Barrow (Ditch barrow), Ballynamona, Co. Limerick
Co. Limerick |
Barrows
There is a prehistoric burial ground in the wet pastures of Ballynamona, County Limerick, that has almost entirely vanished from the surface of the earth.
Nine barrows, the low mounded earthworks typically used for burial during the Bronze Age, once formed a cemetery here, arranged within a surprisingly compact corridor of land measuring roughly 240 metres north to south and just 50 metres east to west. Today, aerial imagery reveals nothing. No mounds, no ditches, no obvious trace of what was once a concentrated, deliberate landscape of the dead.

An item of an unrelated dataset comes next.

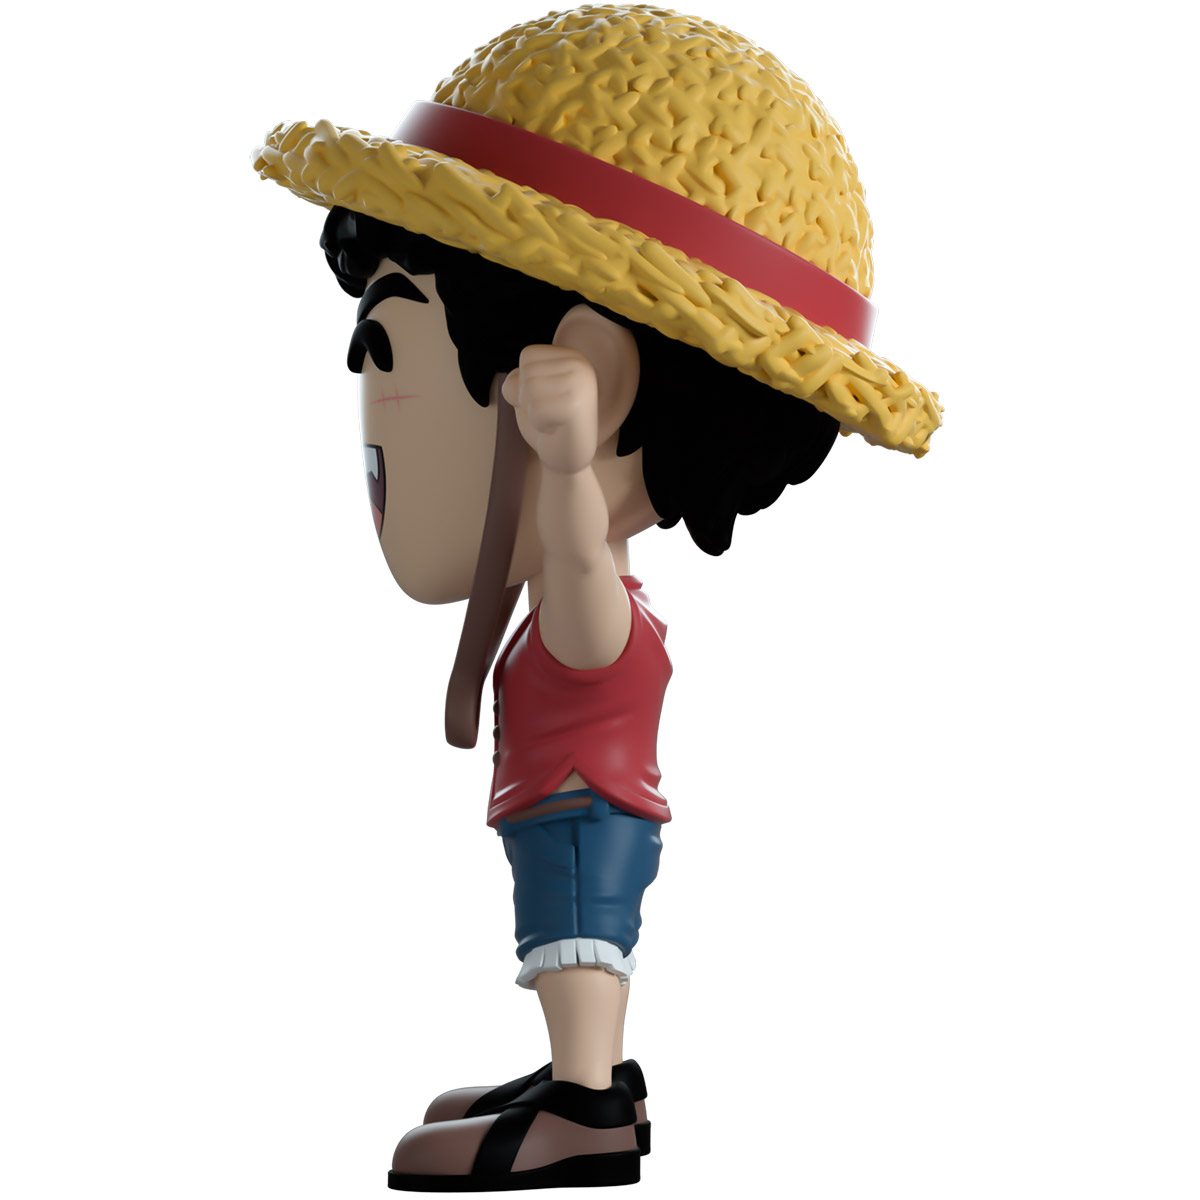 ONE PIECE Figurine Straw Hat Luffy 7 Inch

Six of the nine barrows were excavated in 1934 by Seán P. Ó Ríordáin, one of the most significant figures in twentieth-century Irish archaeology, whose findings were published in 1936. A ditch barrow, as the name suggests, is defined by a surrounding ditch rather than simply a raised mound, and this variant is among the more common funerary monument types found across Munster. The particular barrow recorded here, designated site number III in Field C, was one of the three that Ó Ríordáin left unexcavated, meaning whatever material or skeletal evidence it once held remains, theoretically, in the ground. The site sits in wet pasture roughly 100 metres west of a stream and 275 metres northwest of the townland boundary with Lissard, coordinates that are precise in the archaeological record even if the ground itself offers no visible clue.
Visitors approaching this field should be prepared for the fundamental oddness of looking at what amounts to ordinary farmland and knowing that a formally recorded Bronze Age cemetery lies beneath it. The terrain is wet pasture, so the ground underfoot is likely to be soft, particularly in the wetter months; sensible footwear matters. There is no monument to locate, no interpretive panel, and no obvious physical feature to orientate yourself against. What you are really doing, if you make the effort to come here, is standing somewhere defined entirely by what is invisible, a site whose significance exists almost entirely in the archaeological record rather than in anything you can see or touch.